* [YOUR GOAL]:
Restate, word for word and with no pictures, the stretch of lines in the data below that begins at the line with "MUSIC KOREA: K-POP CDs Online Shop" and ends at the line with "Hotel Cap Polinio Ushuaia Argentina", inclusive.

* [DATA SHOWN]:
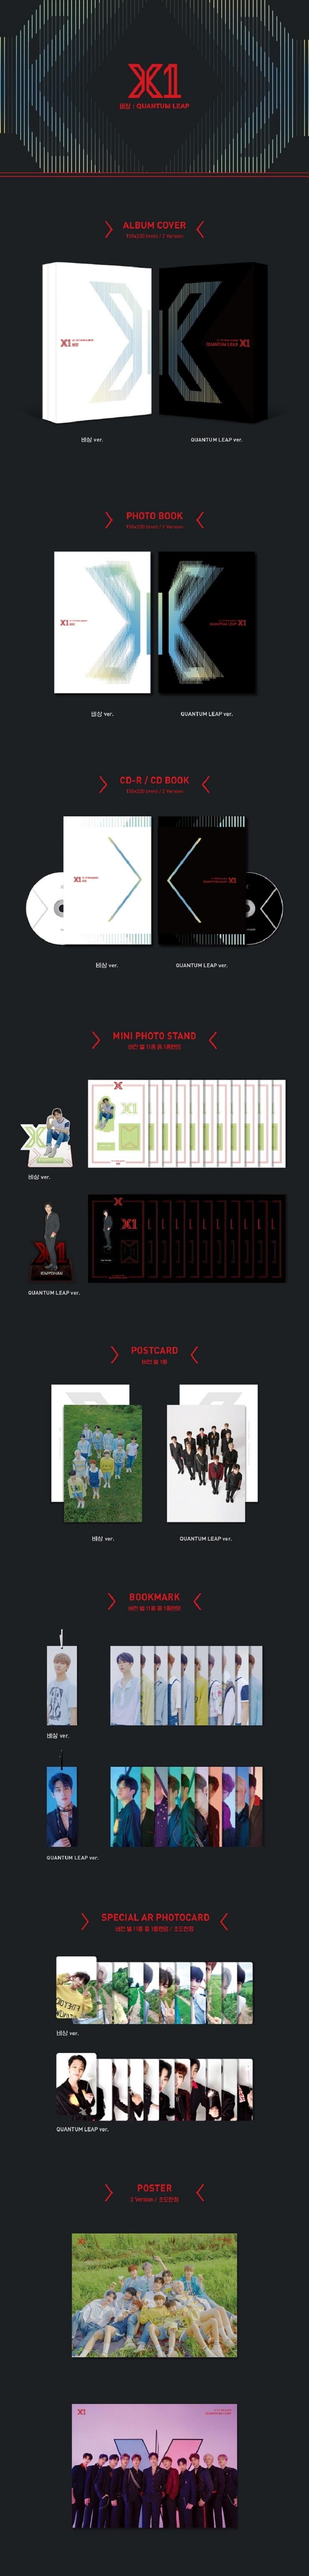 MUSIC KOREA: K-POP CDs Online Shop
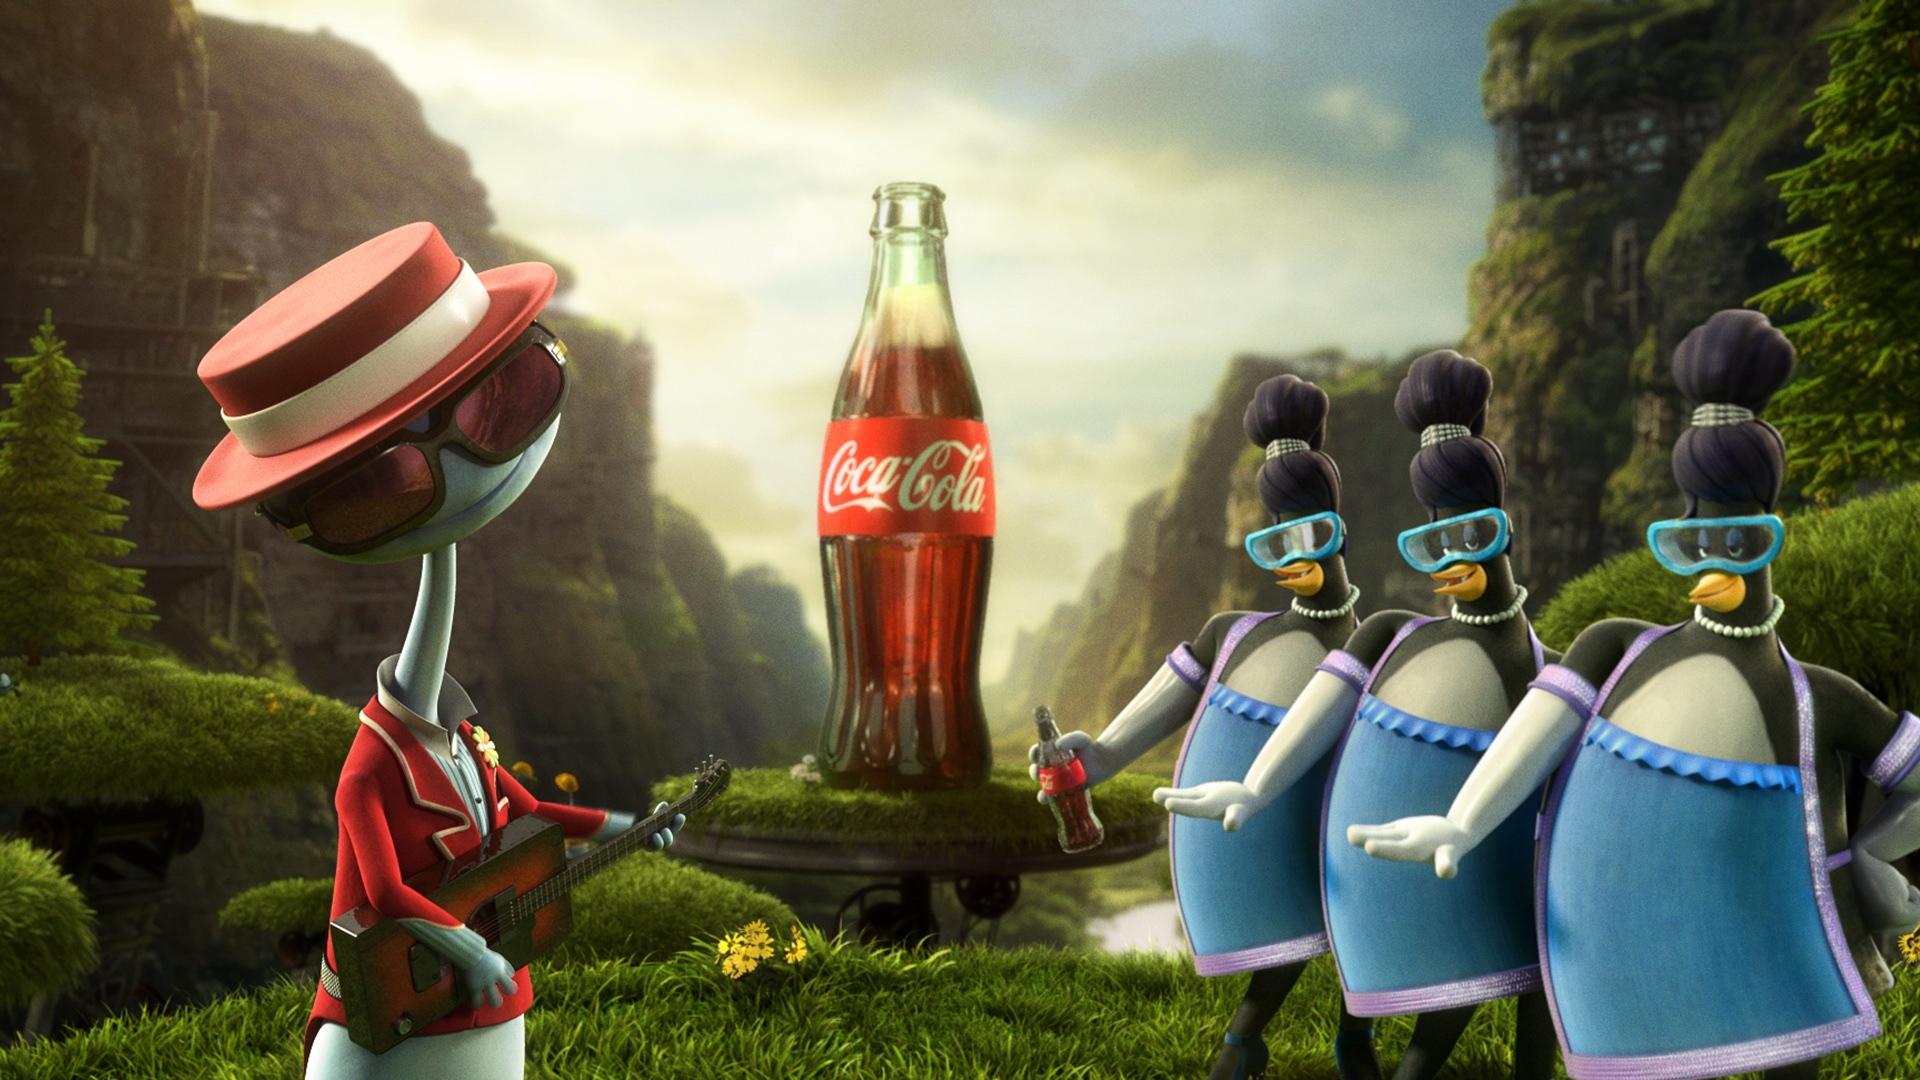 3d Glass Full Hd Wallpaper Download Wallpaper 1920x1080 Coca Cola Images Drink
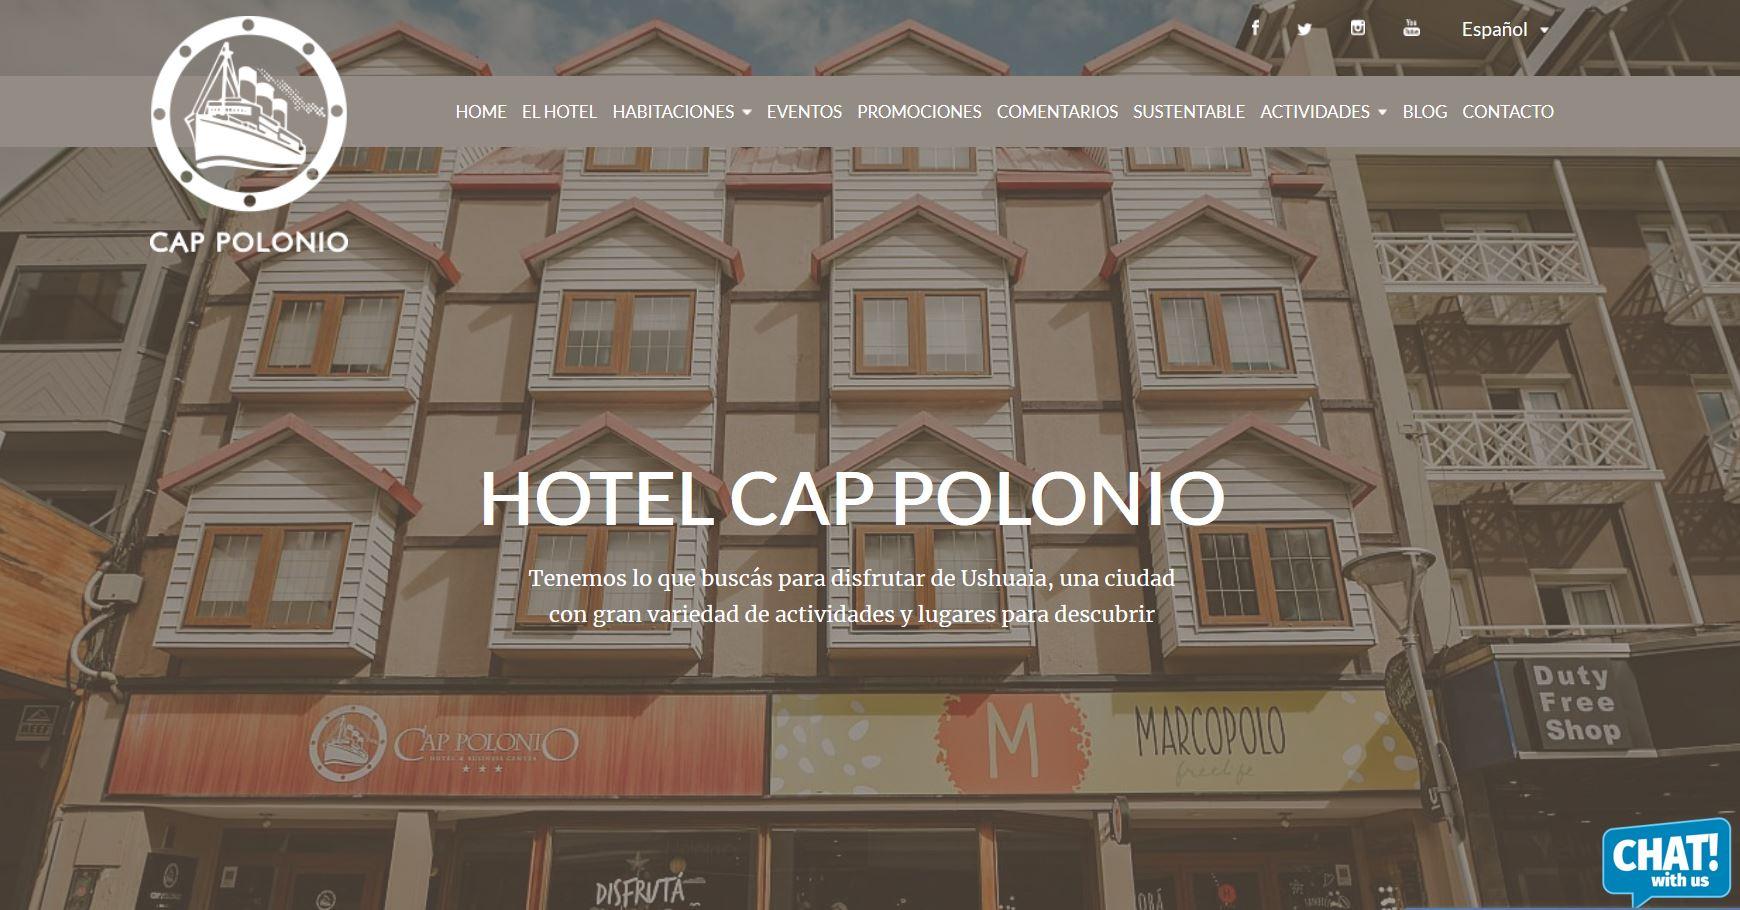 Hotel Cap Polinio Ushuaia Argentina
--
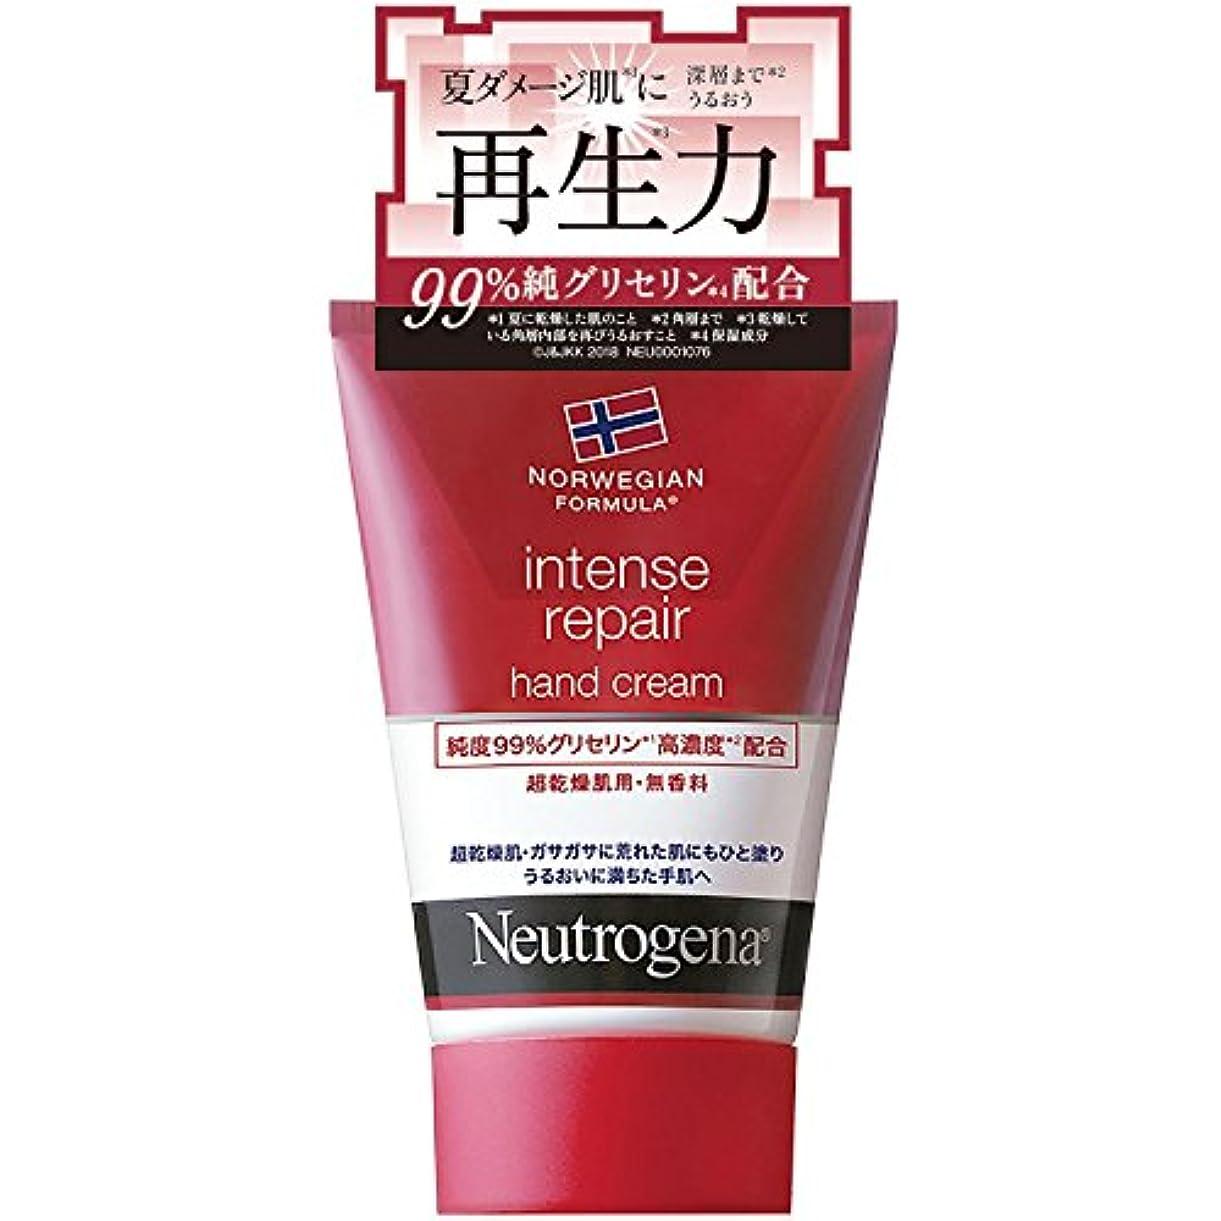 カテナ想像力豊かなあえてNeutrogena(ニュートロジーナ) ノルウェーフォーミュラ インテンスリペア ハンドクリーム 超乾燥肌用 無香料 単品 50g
...
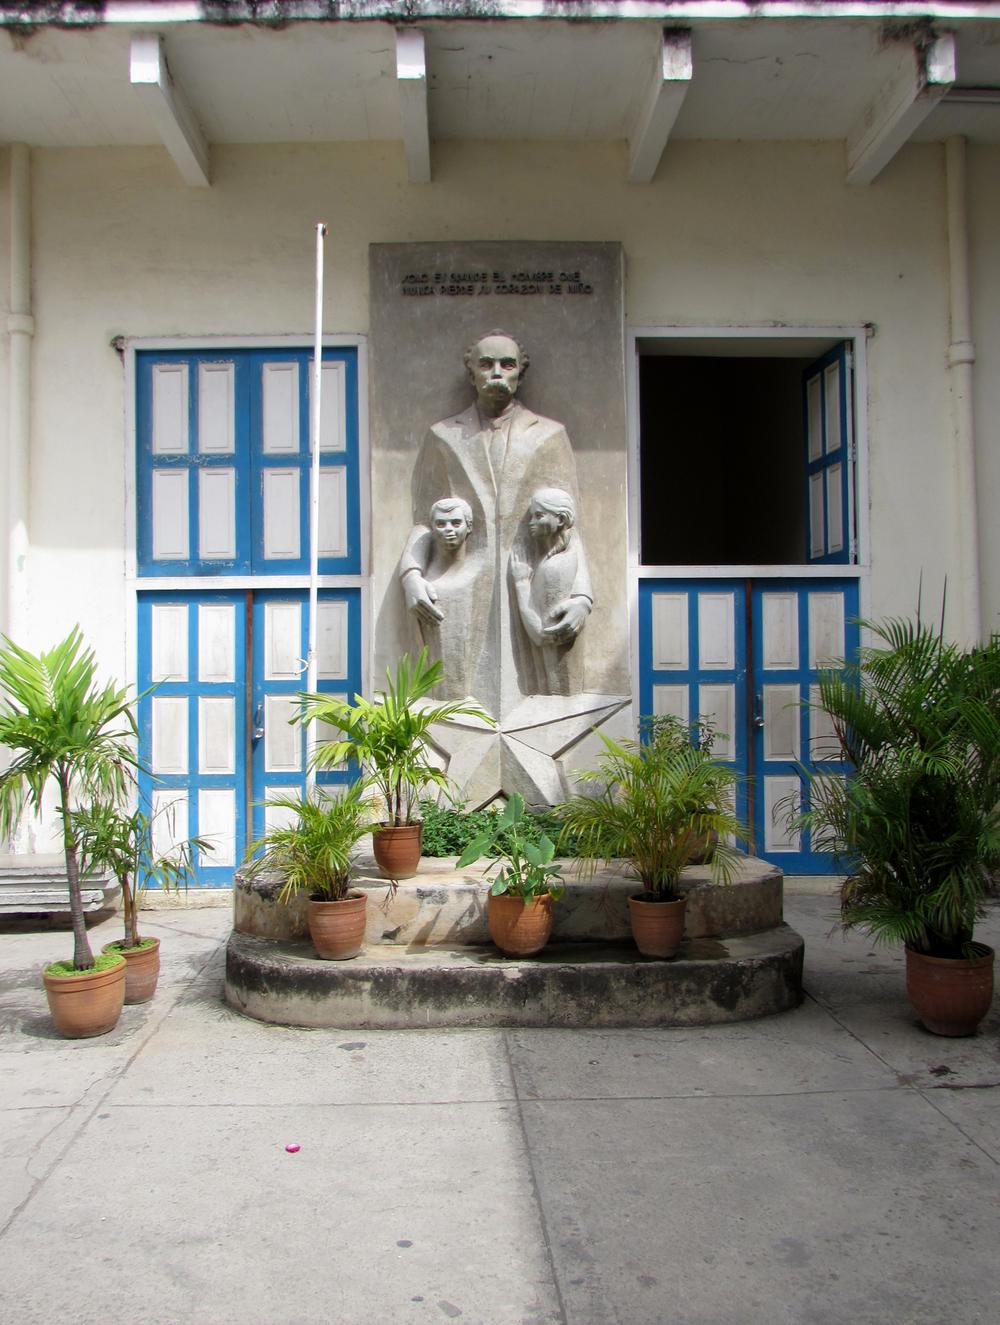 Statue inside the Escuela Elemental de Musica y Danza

* [ANSWER SPACE]:
 MUSIC KOREA: K-POP CDs Online Shop
 3d Glass Full Hd Wallpaper Download Wallpaper 1920x1080 Coca Cola Images Drink
 Hotel Cap Polinio Ushuaia Argentina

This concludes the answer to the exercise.